Баржа двинулась дальше меж прекрасных безлюдных лесных
берегов. Очень долго мы ехали молча. Только бабка время от времени роптала
охрипшим голосом с каким-то даже негодованием: «Опять в яму едем!». Низкий
голос и акцент (они с Николаем были из немцев Поволжья) усиливали тяжесть
пророчества. После повторения одной и той же печальной присказки она надолго
погружалась в свое истерпевшееся безмолвие.

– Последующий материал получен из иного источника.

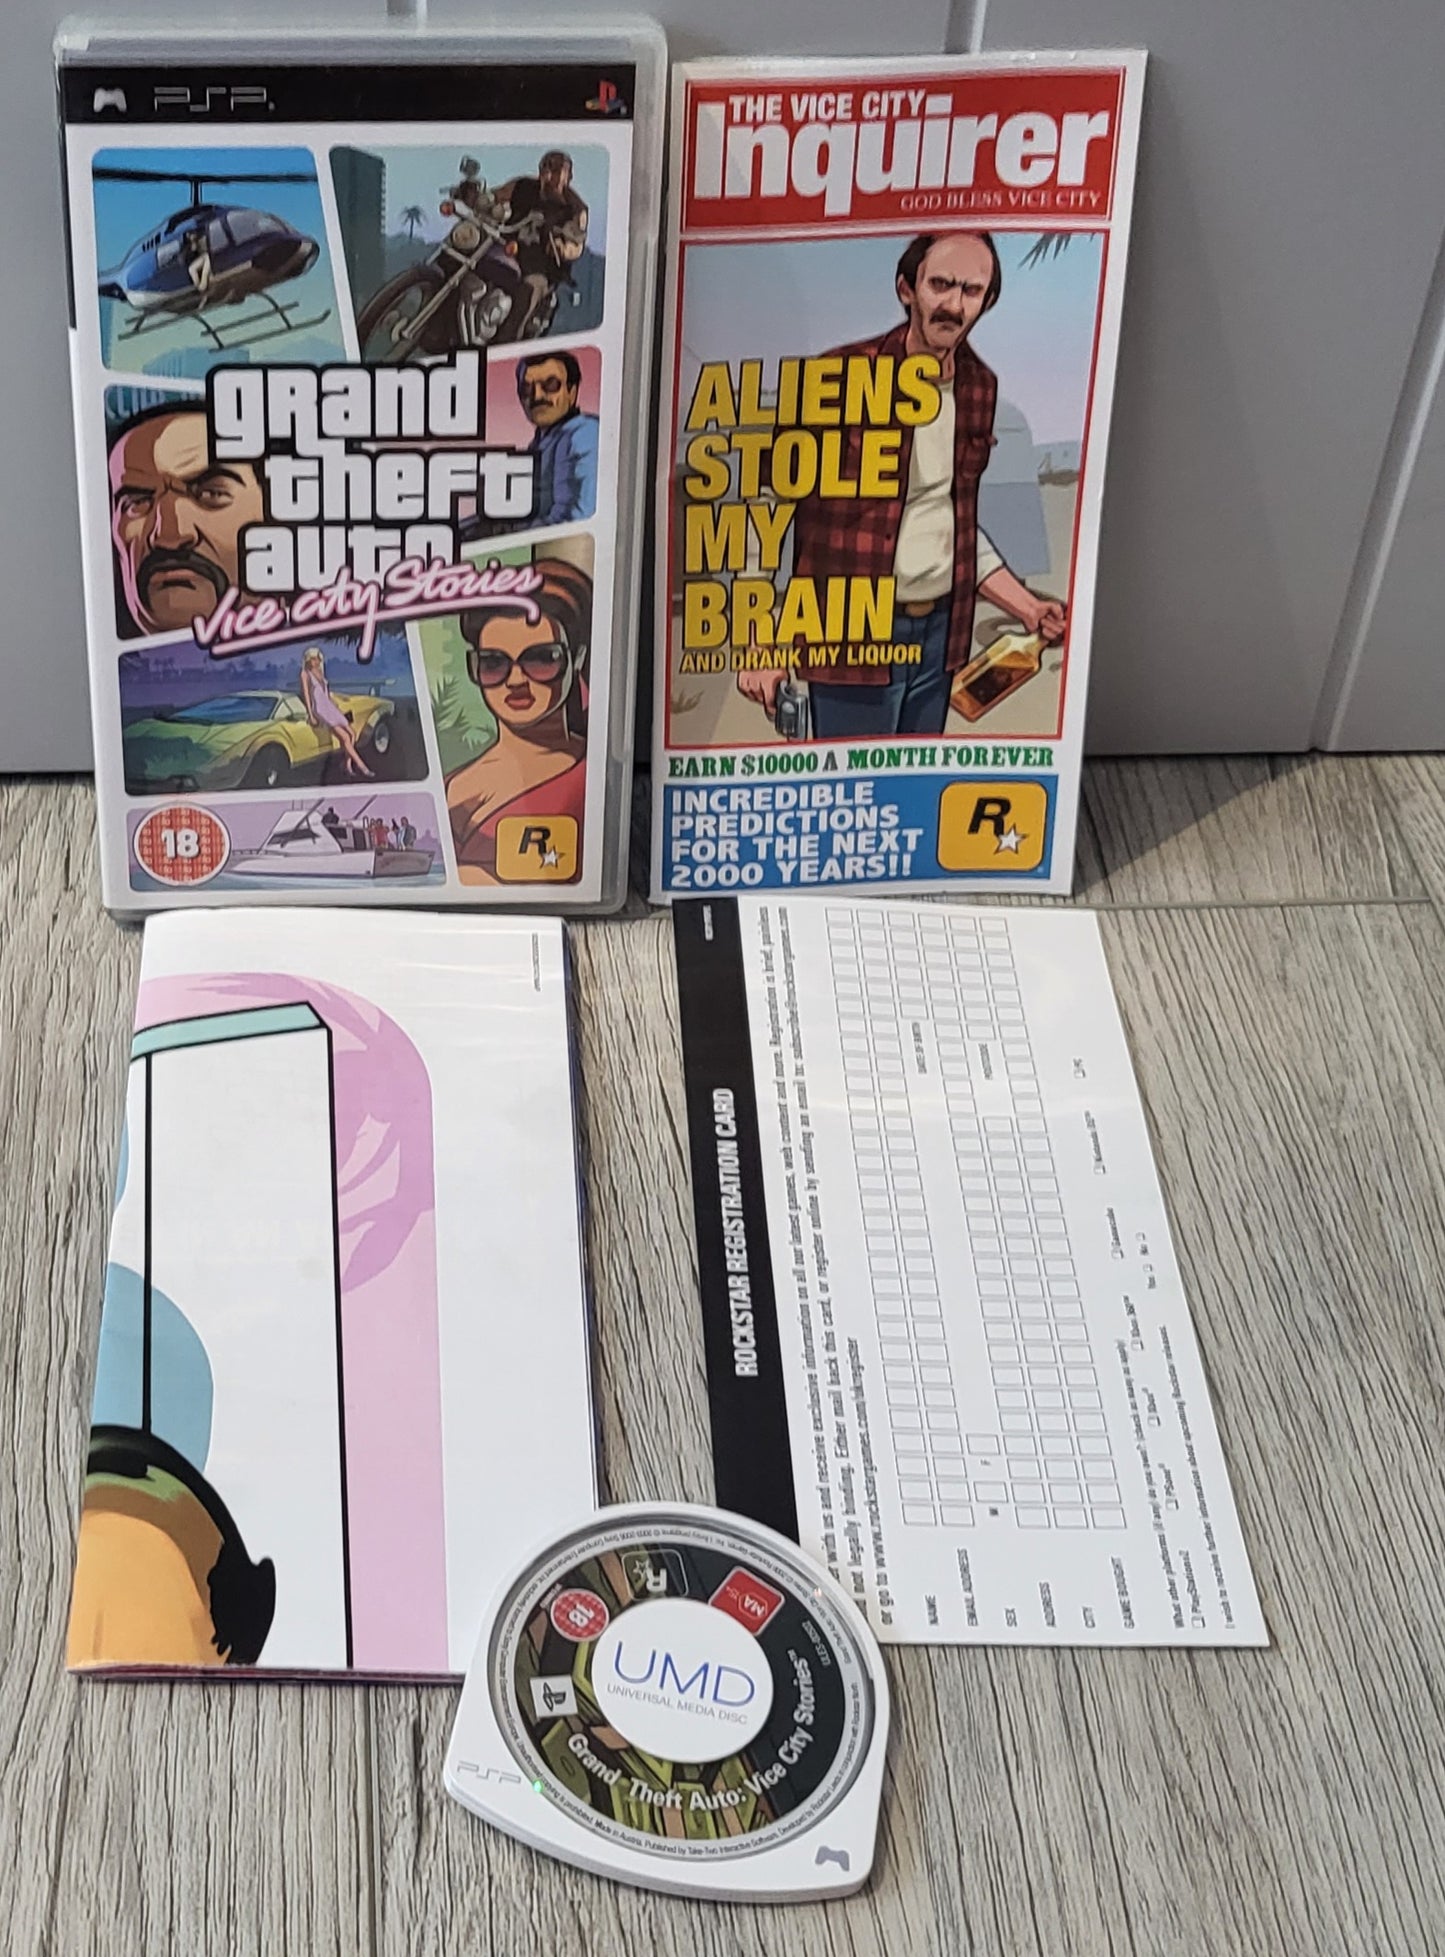 Grand Theft Auto Vice City Stories with Map Sony PSP Game

А я была молода и достаточно беспечно ждала продолжения
похода в неизведанное.
Постепенно на небе стали появляться облака, свет, еще
прозрачный, потускнел, леса по берегам перестали быть скопищем зеленых и
цветных крон осенних деревьев и стали туманными зубчатыми каймами. Баржа пошла
быстрее. «Скоро выходить», — сказали нам. Откуда-то из нижних помещений вылезла
женщина в хорошем светло-коричневом городском пальто, в светлом головном платочке
и аккуратных резиновых сапожках. Она улыбнулась нам и стала рядом. «Я тоже в
Андреево, — сказала она. — Сестру навестить». Баржа причалила к какой-то
прогалине — к полянке у воды среди берегового леса. Пристани не было. Мы
молчали. «На этой стороне при нашей осадке причалить негде. Да и темно уже. Тут
километра два-три дойти», — сказали корабелы. Поляна, очевидно, была
присмотрена не в первый раз. Баржа встала близко к берегу. Спустили сходни. Все
«приземлились» благополучно. Перенесли груз. Матросы зажгли костер, подвесили
котелок. Было еще не поздно. Часов шесть. Решили так. Бабка и Николай остаются
с грузом — с мешками и сундуками, пусть простыми и невеликими. А мы — я и
Полина — с документами идем в деревню за подмогой. Женщина тоже с нами —
предполагалось, что она хоть как-то ориентировалась на местности — не в первый
раз.
Идти решили вдоль реки — надеялись на звук: вода плещет,
слышно, а в лесу — хоть глаз выколи. У Полины был с собой фонарик. С тем и
пошли. Вероятно, тропинка была, но узкий луч фонаря только путал. Потом залезли
в какие-то кочки, болото грязное, но не слишком топкое. Однако совместить звук
реки с относительно толковым передвижением было трудно. Полина светила всем по
очереди, чтобы попадали на кочки, а не в хлябь, но таким путем мы все дальше
уходили вправо. Реки стало не слышно. Женщина сказала, что здесь где-то река
поворачивает. Она скакала ловко. У меня тоже не было ни груза, ни
ответственности. Обувь пока держала. А Полина, одной рукой размахивая
фонариком, следя, чтобы всем вразнобой посветить, другой судорожно прижимала
драгоценную сумку с документами — и поскользнулась. Слетела галоша с сапога.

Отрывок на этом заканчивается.